(Records contained in a dataset)
□ □ □ □ □

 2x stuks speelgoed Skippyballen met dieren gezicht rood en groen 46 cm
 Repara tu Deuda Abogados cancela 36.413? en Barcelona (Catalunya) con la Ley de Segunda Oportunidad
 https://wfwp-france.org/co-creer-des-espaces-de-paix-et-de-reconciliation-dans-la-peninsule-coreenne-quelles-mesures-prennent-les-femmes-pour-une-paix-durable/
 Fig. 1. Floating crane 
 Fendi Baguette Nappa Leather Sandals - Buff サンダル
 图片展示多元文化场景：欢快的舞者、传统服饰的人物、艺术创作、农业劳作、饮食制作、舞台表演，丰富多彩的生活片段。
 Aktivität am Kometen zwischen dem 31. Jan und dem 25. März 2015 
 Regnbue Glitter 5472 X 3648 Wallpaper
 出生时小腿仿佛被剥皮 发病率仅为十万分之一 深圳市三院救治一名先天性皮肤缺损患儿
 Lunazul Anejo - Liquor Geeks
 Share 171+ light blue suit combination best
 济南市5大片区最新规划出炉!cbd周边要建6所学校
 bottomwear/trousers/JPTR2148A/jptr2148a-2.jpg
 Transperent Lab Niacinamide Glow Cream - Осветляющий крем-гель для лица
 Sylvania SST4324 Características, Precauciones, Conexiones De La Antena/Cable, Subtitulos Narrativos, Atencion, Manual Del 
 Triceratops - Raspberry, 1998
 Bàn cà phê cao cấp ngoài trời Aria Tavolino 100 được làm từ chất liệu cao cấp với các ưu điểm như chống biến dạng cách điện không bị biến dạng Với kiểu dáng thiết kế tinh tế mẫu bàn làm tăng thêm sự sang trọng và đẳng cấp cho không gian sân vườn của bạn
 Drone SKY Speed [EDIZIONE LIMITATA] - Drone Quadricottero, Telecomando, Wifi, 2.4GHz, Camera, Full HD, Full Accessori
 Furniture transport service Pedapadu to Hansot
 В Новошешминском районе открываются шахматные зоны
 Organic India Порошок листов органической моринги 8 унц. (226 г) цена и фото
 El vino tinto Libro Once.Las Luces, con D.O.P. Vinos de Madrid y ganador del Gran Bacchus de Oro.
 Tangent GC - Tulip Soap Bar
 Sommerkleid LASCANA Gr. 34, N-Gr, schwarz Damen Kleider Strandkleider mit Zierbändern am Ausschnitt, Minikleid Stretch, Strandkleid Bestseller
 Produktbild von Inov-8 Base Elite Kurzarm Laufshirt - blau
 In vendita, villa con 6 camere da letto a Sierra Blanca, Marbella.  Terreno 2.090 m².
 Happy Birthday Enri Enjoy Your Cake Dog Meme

□ □ □ □ □

All lines from the one containing "Tangent GC - Tulip Soap Bar" down to the final line above are to be restated word for word; leave out the rest.

 Tangent GC - Tulip Soap Bar
 Sommerkleid LASCANA Gr. 34, N-Gr, schwarz Damen Kleider Strandkleider mit Zierbändern am Ausschnitt, Minikleid Stretch, Strandkleid Bestseller
 Produktbild von Inov-8 Base Elite Kurzarm Laufshirt - blau
 In vendita, villa con 6 camere da letto a Sierra Blanca, Marbella.  Terreno 2.090 m².
 Happy Birthday Enri Enjoy Your Cake Dog Meme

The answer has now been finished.